LOL
There is no one more cynical than I.
I just looked up last week's report from the DOL and found the following:
"In the week ending December 17, the advance figure for seasonally adjusted initial claims was 364,000, a decrease of 4,000 from the previous week's revised figure of 368,000."
However, this week they revised the 364,000 to 366,000 so instead of the decrease of 4,000 initial jobless there was a decrease of just 2,000, so it was half as good as they reported.
This week they reported an increase of 15,000 new jobless and I will gladly book a bet that it will turn out to be more than that after next week's revision.
Re: Markets and Media--Chicken or Egg?
Scott Raynovich
12/29/2011 3:58:55 PM
Street Smart,
Exactly right. One of my frustrations with "financial journalism" is that most financial journalists have never traded or even invested and really don't know much. They often fall back on easy assumptions and "spurious correlations" that are easy to make with little statistical proof.
I.E. "Today the market sold off for XYZ." The bottom line is that you can never prove much of anything unless you have a large statistical database from which to test. On any given day the market action is what it is because millions of buyers were being matched with millions of sellers. Making an assumption about what each and every one of them was thinking -- or even what the "majority" of them were thinking -- is somewhat absurd! Maybe a bunch of them just had to sell or buy!
fair enough.
I guess I am more cynical than you, Fred, as my expectations of seeing integrity from government agents are not high...
I know we agree philosophically Scott, but I would prefer more rather than less information. I would not be happy if the data were withheld as you suggested. I am able to make some sense of it and would only have the words of politicians if they did not give me some numbers which I can check with some effort and understand with some thought.
Markets and Media--Chicken or Egg?
Street Smart
12/29/2011 3:06:24 PM
Another way that the media exacerbate the problem of reporting statistics is in trying to explain why the markets performed as they did on a given day. Some talking head will inform us that the Dow is down because "the market was looking for" X and it got Y instead.
But efficient market theory would suggest that those expectations and even the statistics upon which they are based would already be reflected in the market, if not 100%, then certainly a great deal.

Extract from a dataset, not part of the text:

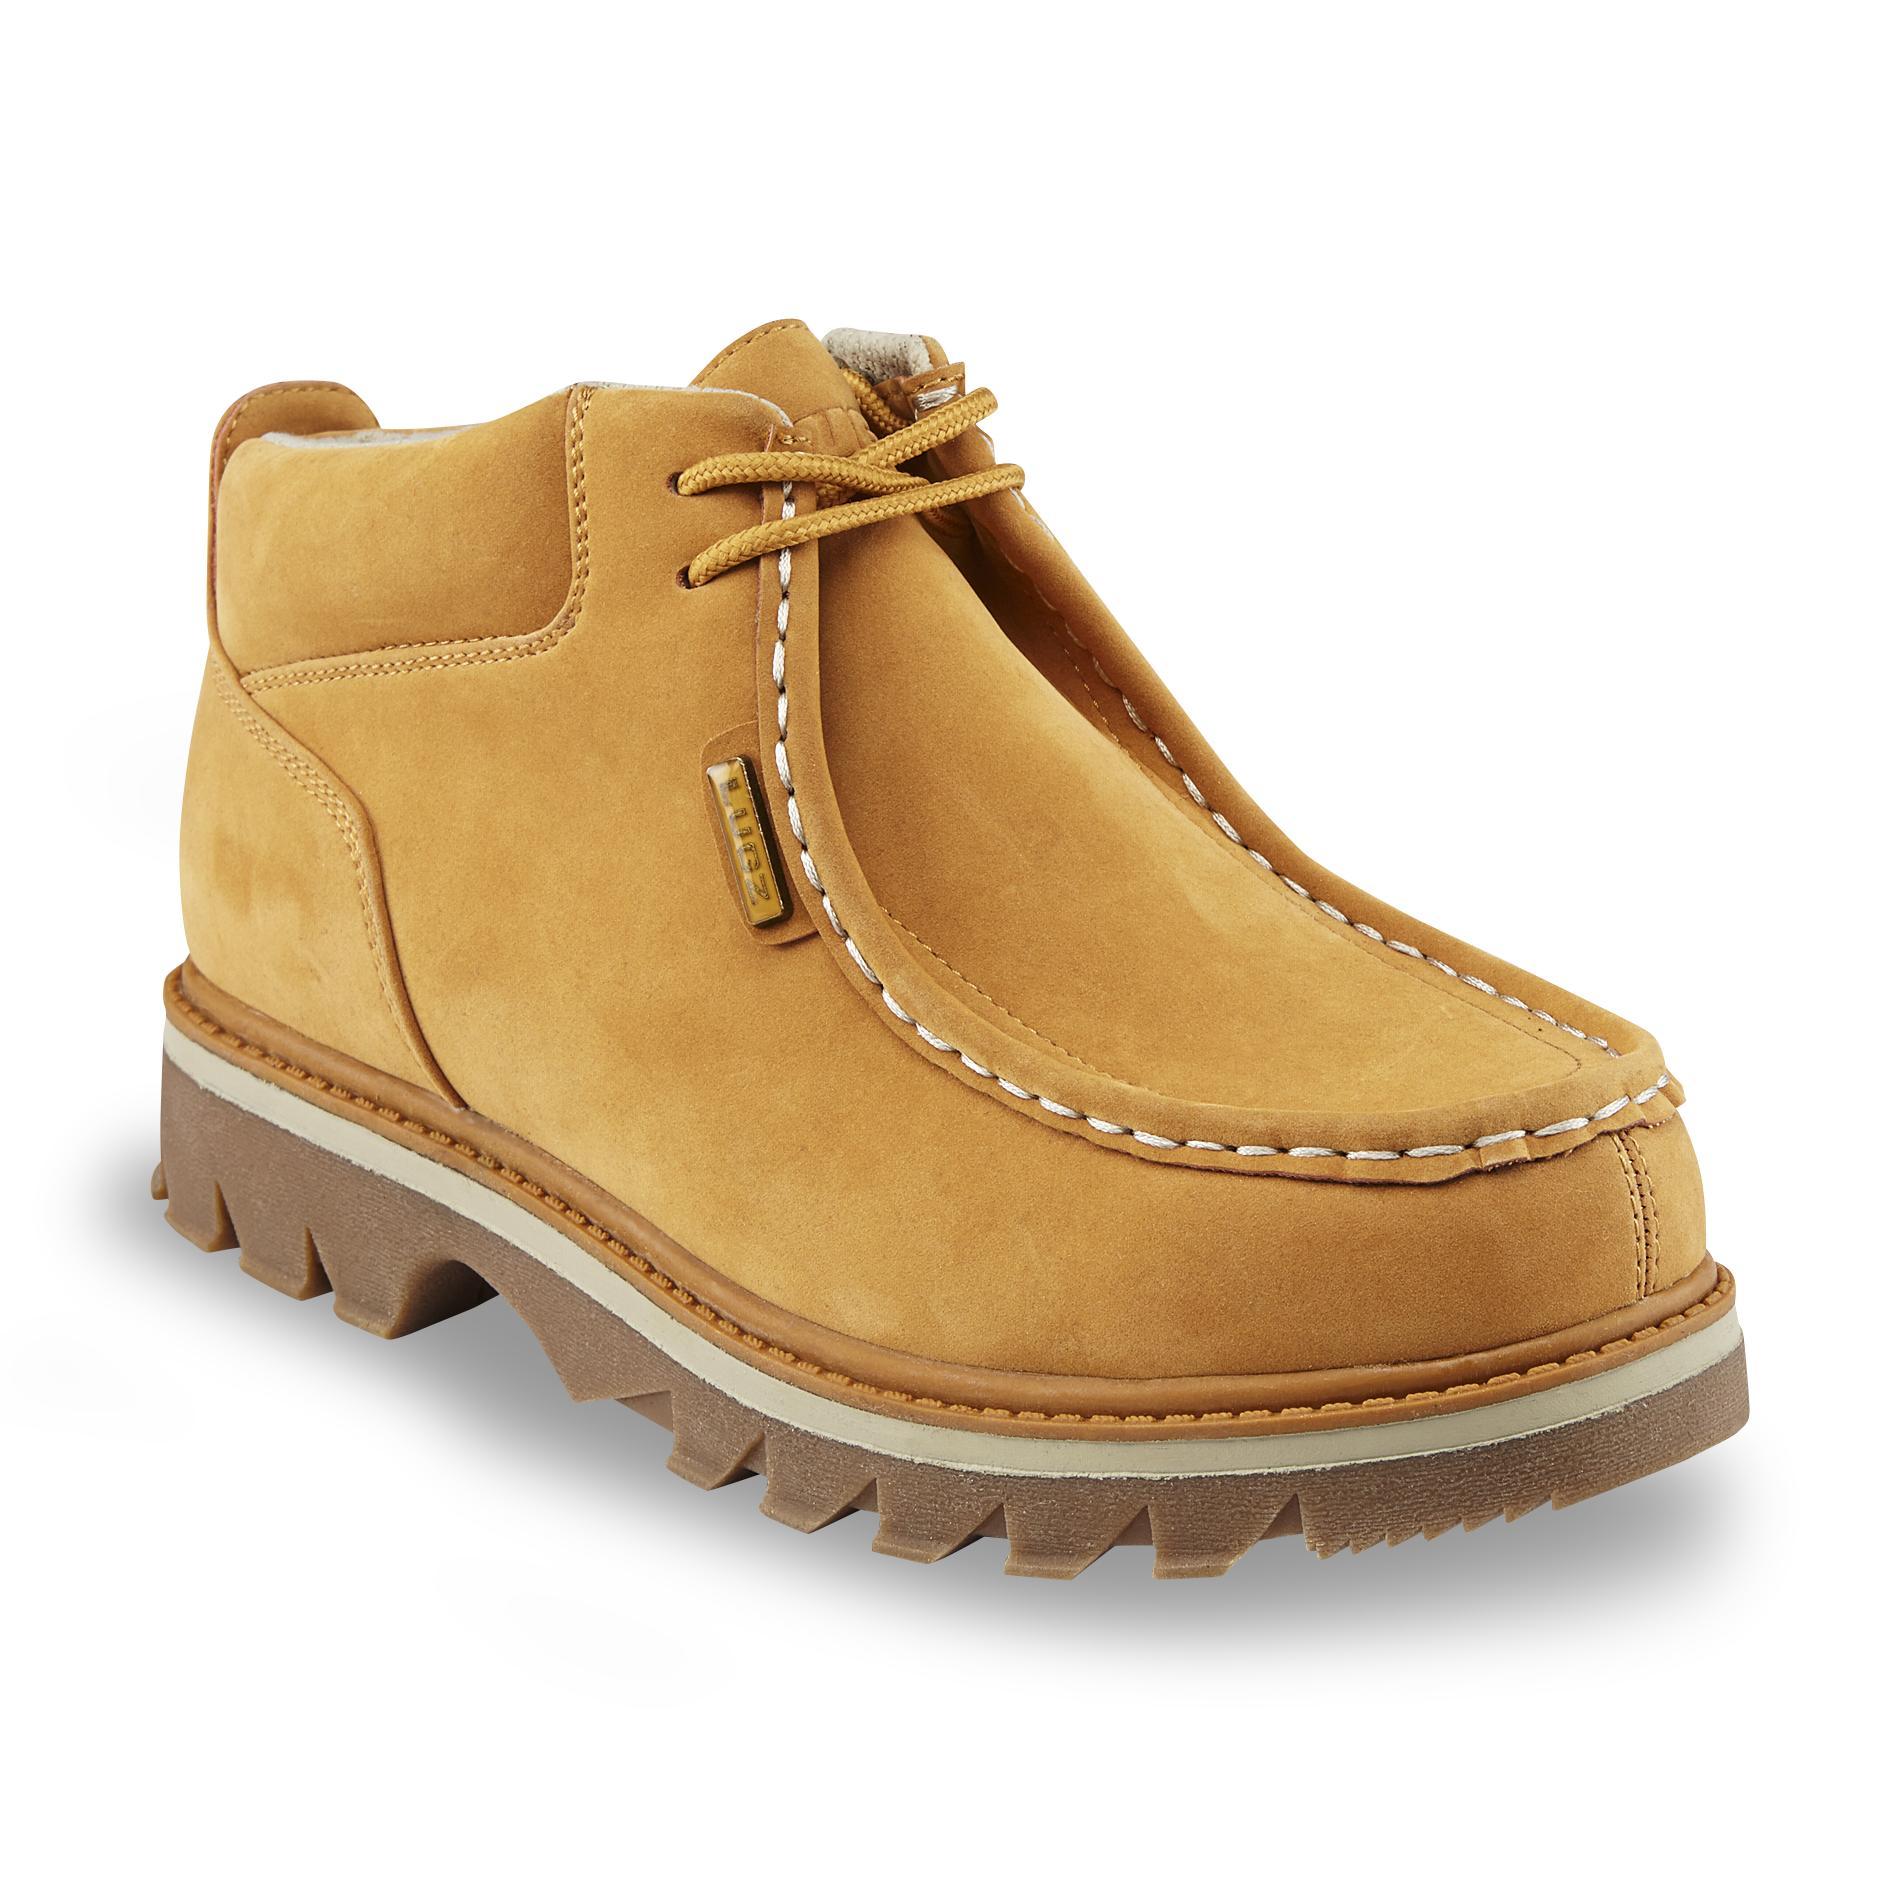 lugz boots lugz menu0027s fringe wheat moccasin boot - shoes - menu0027s shoes - menu0027s boots FHVKVFC

So, it's like a hall of mirrors--the media explains how statistics moved the markets and the media explanations themselved become factors in market movement. Chicken, meet egg!
Re: 8 or 9% unemployment
ProfR
12/29/2011 2:57:58 PM
Yes, it is important to take a longer term view when looking at investments. Being influenced by the latest number will cause a lot of useless trades.
News is reported too often - daily or even hourly. This causes an over-emphasis on the data that was just released. Monthly unemployment numbers, minute-by-minute stock index changes, consumer confidence, retail sales, whatever - is mostly noise in the best of cases.
Knowing that much of the just-released data isn't quite right just makes it more important to base investment decisions (and voting decisions) on more than what's in the news.
The reporting about unemployment is an example - most stories recently seem to be about how the unemployment rate declined by 0.1% or new jobless claims are up (or down) slightly. I don't hear much perspective about the reality that the unemployment rate remains high and the recent changes are small.
Fred,
Don't get me wrong, I agree with you. The government statistics have major flaws, the greatest of which is the "Birth/Death Model" in the employment statistics which basically add or subtract 100s of thousands of jobs based on misinformed conjecture.
We would probably be better off if the government just eliminated the data, now that I think of it. Wouldn't the market be healthier if it just relied on private data rather than government-manipulated statistics?
I think one of the big problems over the last 20 years is the government thinking that they can control every aspect of the economy. There are a buch of academics watching screens always overreacting to their own data. Think of Greenspan and 2002 and the housing bubble. It's like trying to oversteer a Ferrari -- if you don't known what you are doing you crash the car.
Lies, Damned Lies and the Media
Street Smart
12/29/2011 1:24:57 PM
Statistics have been spun since the age of cave paintings, but I think what's really scary is the role of the mainstream media in giving credibility to invented data.
Somehow the newsworthy version gets reported and neither the corrections nor the opposing points of view ever make it into the sound bite do they?
I appreciate your comment, thank you Phoenix. It is my cherished hope to have an effect on the acceptance or rejection of misinformation. There is another dimension too.
A source of information currently misleading the public is the use of comedy and glib writing to conceal the fact that there is no substance to the message.
We can all call to mind a "comic" or a funny writer who makes us laugh while destroying someone or something he does not like without offering a single word of evidence.
They can be recognized easily since their message is always amusing and destructive and is never supportive. It is simply sarcasm or ridicule and I leave it to you to come up with the perpetrators of this form of character assassination.
I give Saturday Night Live a pass for using comedy since that is their avowed purpose and they apply it in a reasonably evenhanded way. But I do not give a pass to those with obvious agendas that they attempt to hide from those they are trying to influence using glib attempts at humor.